Accreditation by the Council for Graduate Medical Education (ACGME), “Endovascular Surgical Neuroradiology” exists, but it is inefficient and requires compromises that limit training. The training of the next generation of cerebrovascular specialists must evolve differently. The needs of society are changing. Long “comprehensive” Halstedian model training schemes no longer apply. The present “boxes” or boards that certify specialists are biased both financially and by territorial interests. The enemy is the disease (ie, the aneurysm) not the surgeon, or the radiologist, or the neurologist. Despite requiring training in spine surgery, barium enemas, or electromyography, neither neurosurgery, radiology, nor neurology provide the most simple and basic sciences needed for endovascular surgery, such as vascular biology, vascular physiology, expertise in the coagulation cascade, and study of the endothelium, which is an incredibly unique organ.
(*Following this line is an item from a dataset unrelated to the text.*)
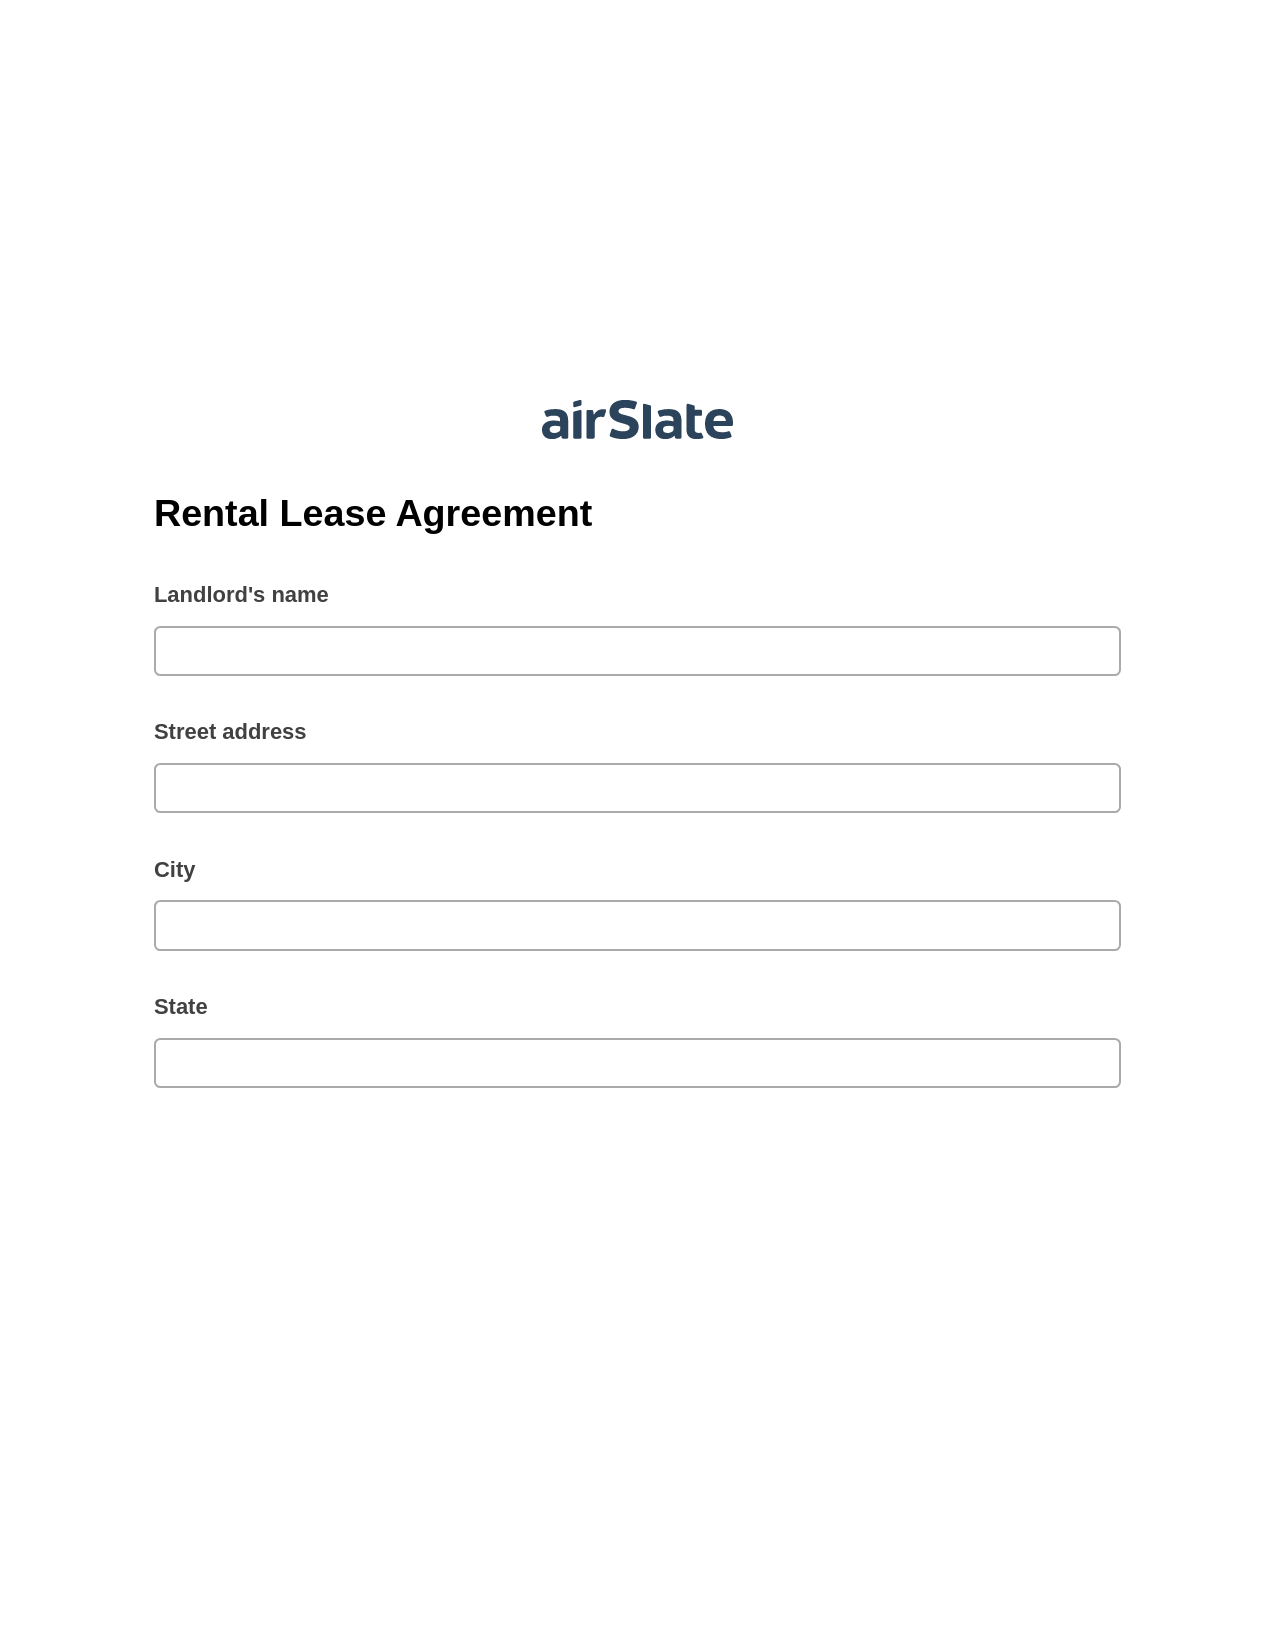 Multirole Rental Lease Agreement Pre-fill from Google Sheet Dropdown Options Bot, Update NetSuite Records Bot, Export to NetSuite Record Bot

It is clear that the way forward is a new specialty. Beginning in medical school, doctors should be trained as the endovascular surgeons. And if a student wants to learn microneurosurgery, he or she could add training in neurosurgical skills, or start with a neurosurgical residency.
An important omission in this supplement is the tremendous impact that the endovascular therapies of embolizations and sclerotherapy treatments have had on patients with vascular lesions of the head and neck. The use of percutaneous direct punctures by using ultrasound, or the fusion of magnetic resonance imaging and DynaCT guiding techniques, can safely reach deep head and neck and intraorbital lesions. At present, physicians coming from neurosurgery or neurology are not interested in this patient population because they do not have the training or the exposure to deal with these diseases, but the benefit they provide should be part of our practice.
The author has no personal, financial, or institutional interest in any of the drugs, materials, or devices described in this article.